Artificial intelligence (AI) is poised to accelerate this Web3 transition, albeit paradoxically. As AI advances, it amplifies efficiency but also deepens wealth disparities. Dominated by big tech, which monopolizes NVIDIA chips and user-generated data, the current AI landscape heavily favors centralized platforms. These companies have developed algorithms that increase user dependency and created innovations like autonomous driving, further centralizing wealth and power. Web3 projects, however, are emerging to counteract this trend. Decentralized GPU rendering services reward users for sharing computational resources, while privacy-preserving data monetization platforms empower individuals to benefit from their own data. These innovations aim to redistribute the value that big tech currently hoards.
To rival Web2 giants like YouTube, Web3 services must address infrastructure limitations and enhance user interfaces. Hyperliquid, for instance, boasts a community-driven token distribution worth $12B, yet its user base remains limited to 300,000. This highlights the need for improvements in accessibility and scalability. Encouragingly, the blockchain ecosystem has evolved significantly in recent years. Seven years ago, Ethereum struggled to support a single CryptoKitties application; today, on-chain infrastructure can handle complex trading orders efficiently. Additionally, crypto wallets have become more user-friendly, allowing social ID-based creation without requiring users to memorize seed phrases, a task that once involved physically writing them down for safekeeping.

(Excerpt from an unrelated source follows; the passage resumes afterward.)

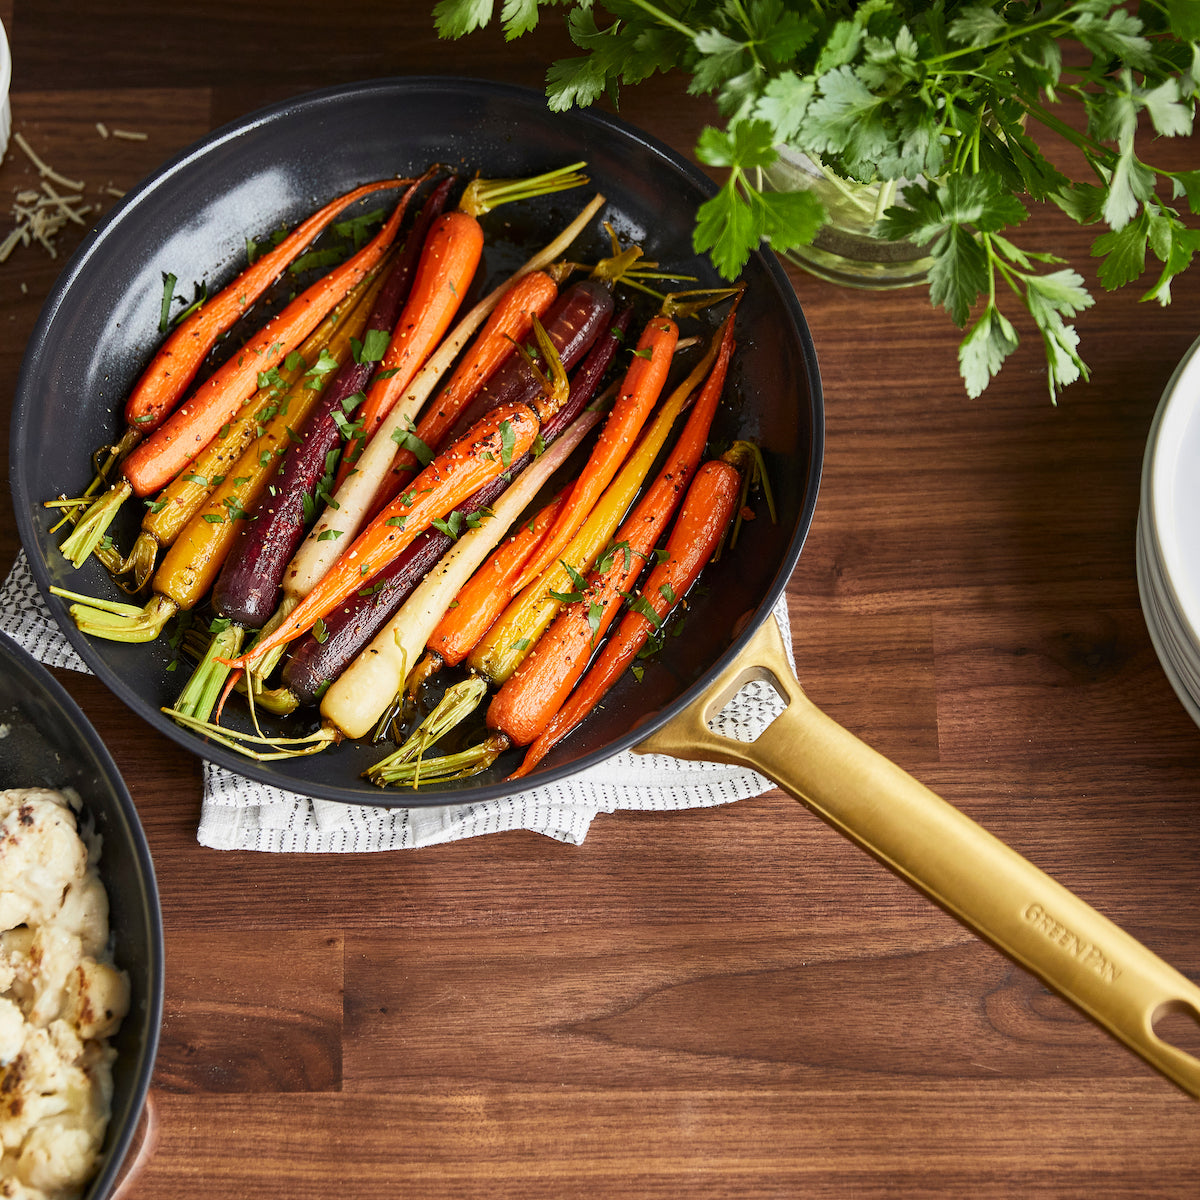 GreenPan Reserve Healthy Ceramic Nonstick 12 Fry Pan with Lid - Twilight

Web3's value proposition lies in redistributing wealth from venture capitalists and major shareholders to everyday users. As service quality improves, Web3 platforms will become increasingly attractive to mainstream audiences. With more accessible and sophisticated solutions, Web3 could usher in an era of democratized value, much like Gutenberg's printing press revolutionized knowledge sharing. It is this potential that inspires optimism for the future of decentralized services.